で、みんなでね、窓の外からその人を見ながら「あぁタバコ捨てちゃってるよ、いつも大事にしてるのに、そうとうあれは来てるなぁ、もしかしたらそろそろ病棟に連れてかないとやばいかもしれな」いとか喋ってるわけ。その様子を見ながら。
本当にね、何か多分幻聴聞えてるんだと思うんだけど駐車場でタバコをばら撒きながらね、こう歩き回ってるんですよ、のそのそのそのそ。
でね、そのうちにね、えっちゃん(向谷地悦子 看護師、べてるスタッフ)がね、「今日男手が少ないからあの人やっぱり病院に連れてかなきゃいけないから下野君ちょっと下に行って様子見てきなよ」って具合の悪い下野君に言ってるの。

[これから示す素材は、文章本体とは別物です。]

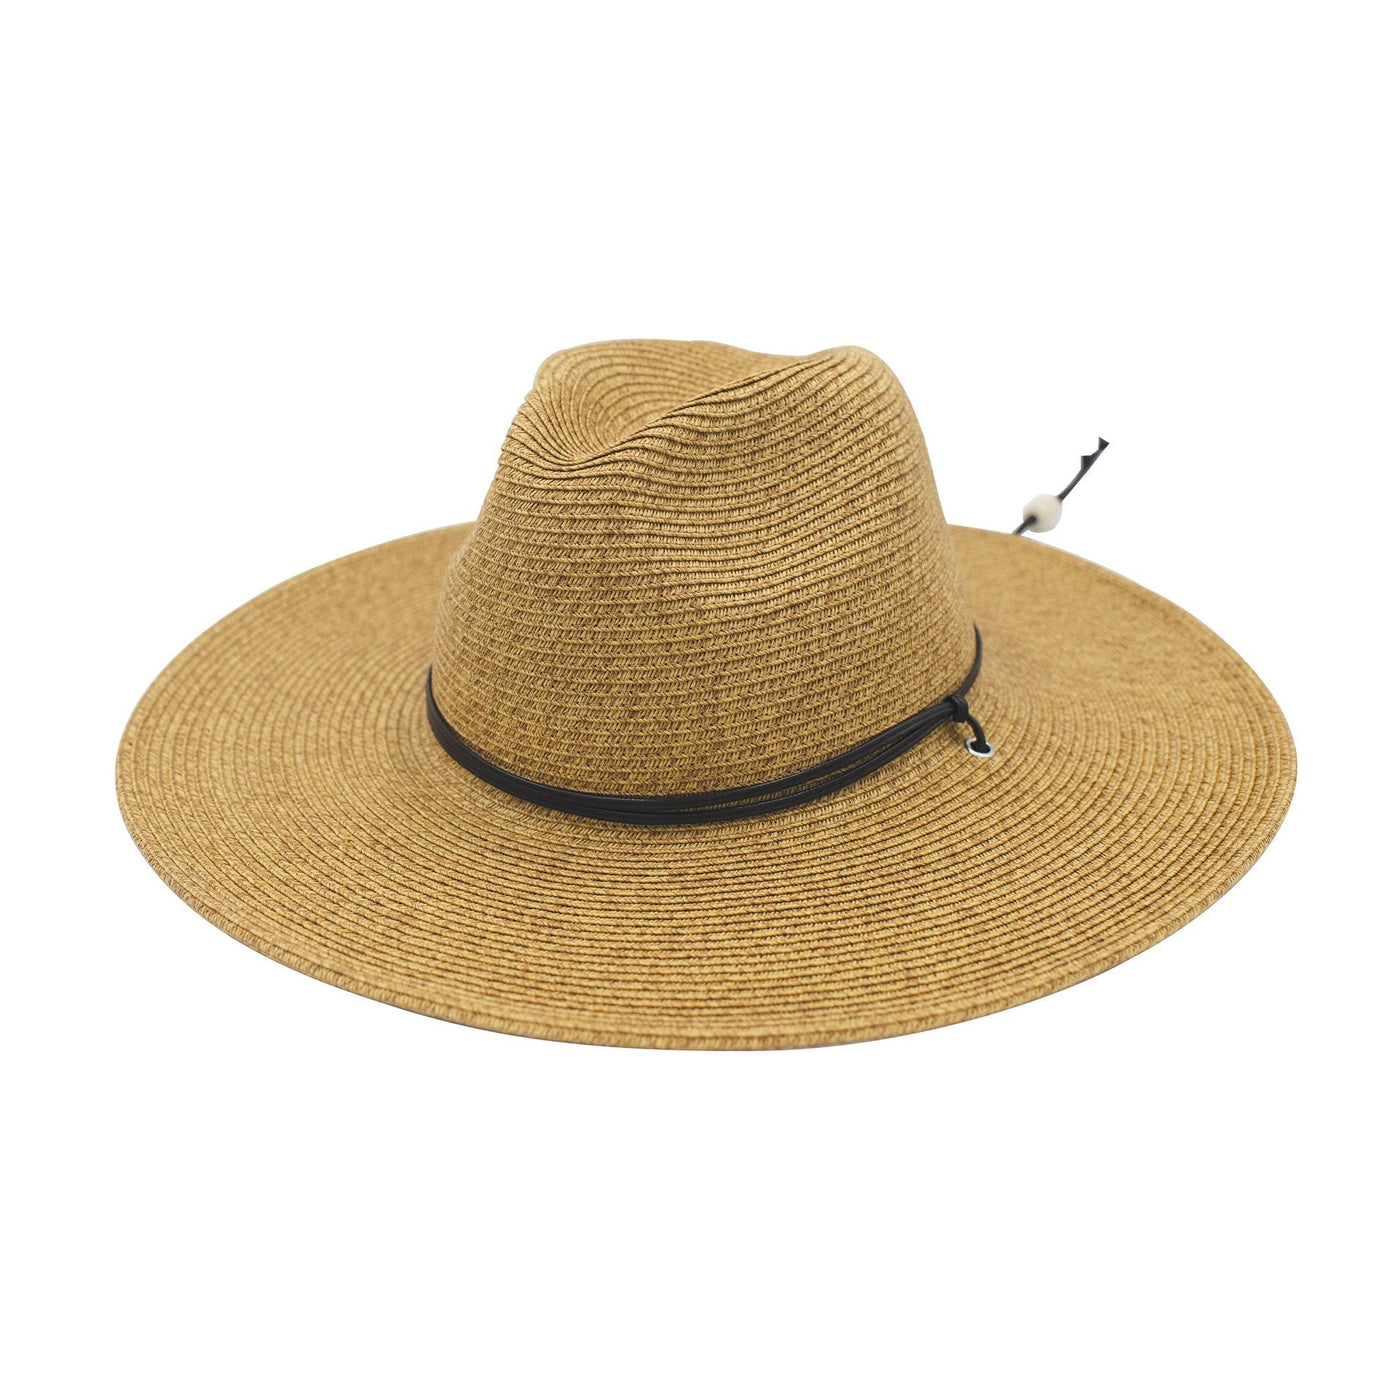 SUN BRIM - El Campo 4" Brim Sun Hat - UPF50 Sun Protection With Chin Cord - San Diego Hat Co.

それでね、下野君、「えぇそんな事したら殴られちゃうよ」、「いいじゃない、一、二発殴られてもいいじゃない、あなた下行ってあの人を取り押さえて来なさいよ」って言われて最近やっとちょっと具合が良くなったからっていう下野君にえっちゃんがそうやって言ってるから、あぁここはべてるだなぁってしみじみ思ったね。あり得ないよ、すごいよって。で下野君が下に行って本当に様子見に行って。
向谷地:どうだったんですか?
下野:え、あの僕行かなかったんですよ。
田口:え、行かなかったの?
下野:最初行かなくて、「タバコばら撒くな」とか言ったら絶対怒られるなと思って、もう一人スタッフの人がいるんですけど、その人が言ったら予定通り怒られてました。で、予定通り機嫌悪くなって、でその後、どうでしたっけ、その後車に3人くらいで集まって。
田口:どやって乗せて連れてったの?
下野:で、肩叩いて、騙して病院に行ったんです。
田口:で、そういう事がね、私が行ったちょっと五分とか十分の間に淡々と起きて、淡々とあの何事も無かったかのようにね、行われる、日常的な光景としてね。行われていくんですよ。本当にね、その時あたしは浦河に来たんだっていう実感がわって込み上げてきてね。
だってあたしたち普通暮らしてて、やっぱりちょっとなんかこうタバコばら撒いて幻聴聞えてるような人がね、下でこう暴れてたらまず、怖いって思ったりとかね、ましてやね、自分が今具合悪くってね、それなのになんとかしてこいって言わないですよ。